● **Problem to solve**:
Output every entry below exactly as it is written.

==== Given data ====

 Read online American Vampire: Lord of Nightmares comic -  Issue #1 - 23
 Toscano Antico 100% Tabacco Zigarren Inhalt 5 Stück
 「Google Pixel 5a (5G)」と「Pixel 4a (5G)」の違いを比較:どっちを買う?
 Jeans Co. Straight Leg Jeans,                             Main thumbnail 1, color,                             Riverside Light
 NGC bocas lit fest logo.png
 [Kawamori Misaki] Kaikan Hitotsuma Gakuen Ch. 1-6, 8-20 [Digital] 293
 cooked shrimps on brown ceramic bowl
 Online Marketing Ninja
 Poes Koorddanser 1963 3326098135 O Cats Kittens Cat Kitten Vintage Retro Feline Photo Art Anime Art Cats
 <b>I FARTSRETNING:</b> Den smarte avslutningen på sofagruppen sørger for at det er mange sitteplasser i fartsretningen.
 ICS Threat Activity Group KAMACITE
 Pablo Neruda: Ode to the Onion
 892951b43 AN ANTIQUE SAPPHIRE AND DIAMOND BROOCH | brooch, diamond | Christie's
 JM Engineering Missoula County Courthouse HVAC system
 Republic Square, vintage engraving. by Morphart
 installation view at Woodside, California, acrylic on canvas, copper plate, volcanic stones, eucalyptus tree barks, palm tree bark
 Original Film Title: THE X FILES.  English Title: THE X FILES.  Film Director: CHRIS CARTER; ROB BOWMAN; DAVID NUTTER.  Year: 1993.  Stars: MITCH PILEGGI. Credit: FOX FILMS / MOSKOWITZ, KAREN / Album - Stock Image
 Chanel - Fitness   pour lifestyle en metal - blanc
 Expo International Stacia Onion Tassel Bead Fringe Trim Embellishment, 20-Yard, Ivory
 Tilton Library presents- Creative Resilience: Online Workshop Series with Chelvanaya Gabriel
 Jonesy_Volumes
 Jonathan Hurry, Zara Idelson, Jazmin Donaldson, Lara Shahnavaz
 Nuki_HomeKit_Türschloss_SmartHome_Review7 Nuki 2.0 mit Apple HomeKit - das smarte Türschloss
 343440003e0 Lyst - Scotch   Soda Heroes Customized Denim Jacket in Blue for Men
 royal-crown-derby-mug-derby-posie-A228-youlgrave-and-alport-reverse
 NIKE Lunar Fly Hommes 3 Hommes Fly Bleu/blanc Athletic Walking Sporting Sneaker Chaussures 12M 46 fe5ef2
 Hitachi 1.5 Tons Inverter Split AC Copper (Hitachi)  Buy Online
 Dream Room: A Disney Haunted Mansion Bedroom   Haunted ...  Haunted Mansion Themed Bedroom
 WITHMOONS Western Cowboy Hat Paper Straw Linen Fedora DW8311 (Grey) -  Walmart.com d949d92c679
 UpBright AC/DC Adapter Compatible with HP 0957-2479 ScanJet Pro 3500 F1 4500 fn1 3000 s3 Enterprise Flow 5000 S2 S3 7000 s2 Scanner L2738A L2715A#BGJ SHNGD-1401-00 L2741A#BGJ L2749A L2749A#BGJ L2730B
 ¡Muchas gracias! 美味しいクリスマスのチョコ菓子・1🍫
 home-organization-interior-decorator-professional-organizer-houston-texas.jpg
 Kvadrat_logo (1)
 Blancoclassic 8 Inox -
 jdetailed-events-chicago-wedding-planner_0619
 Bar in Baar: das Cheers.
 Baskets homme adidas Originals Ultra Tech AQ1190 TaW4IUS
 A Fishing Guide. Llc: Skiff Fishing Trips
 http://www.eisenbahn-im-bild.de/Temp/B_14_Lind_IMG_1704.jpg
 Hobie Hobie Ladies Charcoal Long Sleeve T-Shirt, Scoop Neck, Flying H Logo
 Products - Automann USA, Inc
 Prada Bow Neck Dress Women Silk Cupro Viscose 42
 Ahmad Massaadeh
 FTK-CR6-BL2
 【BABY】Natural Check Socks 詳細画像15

====

● **Worked solution**:
 Read online American Vampire: Lord of Nightmares comic -  Issue #1 - 23
 Toscano Antico 100% Tabacco Zigarren Inhalt 5 Stück
 「Google Pixel 5a (5G)」と「Pixel 4a (5G)」の違いを比較:どっちを買う?
 Jeans Co. Straight Leg Jeans,                             Main thumbnail 1, color,                             Riverside Light
 NGC bocas lit fest logo.png
 [Kawamori Misaki] Kaikan Hitotsuma Gakuen Ch. 1-6, 8-20 [Digital] 293
 cooked shrimps on brown ceramic bowl
 Online Marketing Ninja
 Poes Koorddanser 1963 3326098135 O Cats Kittens Cat Kitten Vintage Retro Feline Photo Art Anime Art Cats
 <b>I FARTSRETNING:</b> Den smarte avslutningen på sofagruppen sørger for at det er mange sitteplasser i fartsretningen.
 ICS Threat Activity Group KAMACITE
 Pablo Neruda: Ode to the Onion
 892951b43 AN ANTIQUE SAPPHIRE AND DIAMOND BROOCH | brooch, diamond | Christie's
 JM Engineering Missoula County Courthouse HVAC system
 Republic Square, vintage engraving. by Morphart
 installation view at Woodside, California, acrylic on canvas, copper plate, volcanic stones, eucalyptus tree barks, palm tree bark
 Original Film Title: THE X FILES.  English Title: THE X FILES.  Film Director: CHRIS CARTER; ROB BOWMAN; DAVID NUTTER.  Year: 1993.  Stars: MITCH PILEGGI. Credit: FOX FILMS / MOSKOWITZ, KAREN / Album - Stock Image
 Chanel - Fitness   pour lifestyle en metal - blanc
 Expo International Stacia Onion Tassel Bead Fringe Trim Embellishment, 20-Yard, Ivory
 Tilton Library presents- Creative Resilience: Online Workshop Series with Chelvanaya Gabriel
 Jonesy_Volumes
 Jonathan Hurry, Zara Idelson, Jazmin Donaldson, Lara Shahnavaz
 Nuki_HomeKit_Türschloss_SmartHome_Review7 Nuki 2.0 mit Apple HomeKit - das smarte Türschloss
 343440003e0 Lyst - Scotch   Soda Heroes Customized Denim Jacket in Blue for Men
 royal-crown-derby-mug-derby-posie-A228-youlgrave-and-alport-reverse
 NIKE Lunar Fly Hommes 3 Hommes Fly Bleu/blanc Athletic Walking Sporting Sneaker Chaussures 12M 46 fe5ef2
 Hitachi 1.5 Tons Inverter Split AC Copper (Hitachi)  Buy Online
 Dream Room: A Disney Haunted Mansion Bedroom   Haunted ...  Haunted Mansion Themed Bedroom
 WITHMOONS Western Cowboy Hat Paper Straw Linen Fedora DW8311 (Grey) -  Walmart.com d949d92c679
 UpBright AC/DC Adapter Compatible with HP 0957-2479 ScanJet Pro 3500 F1 4500 fn1 3000 s3 Enterprise Flow 5000 S2 S3 7000 s2 Scanner L2738A L2715A#BGJ SHNGD-1401-00 L2741A#BGJ L2749A L2749A#BGJ L2730B
 ¡Muchas gracias! 美味しいクリスマスのチョコ菓子・1🍫
 home-organization-interior-decorator-professional-organizer-houston-texas.jpg
 Kvadrat_logo (1)
 Blancoclassic 8 Inox -
 jdetailed-events-chicago-wedding-planner_0619
 Bar in Baar: das Cheers.
 Baskets homme adidas Originals Ultra Tech AQ1190 TaW4IUS
 A Fishing Guide. Llc: Skiff Fishing Trips
 http://www.eisenbahn-im-bild.de/Temp/B_14_Lind_IMG_1704.jpg
 Hobie Hobie Ladies Charcoal Long Sleeve T-Shirt, Scoop Neck, Flying H Logo
 Products - Automann USA, Inc
 Prada Bow Neck Dress Women Silk Cupro Viscose 42
 Ahmad Massaadeh
 FTK-CR6-BL2
 【BABY】Natural Check Socks 詳細画像15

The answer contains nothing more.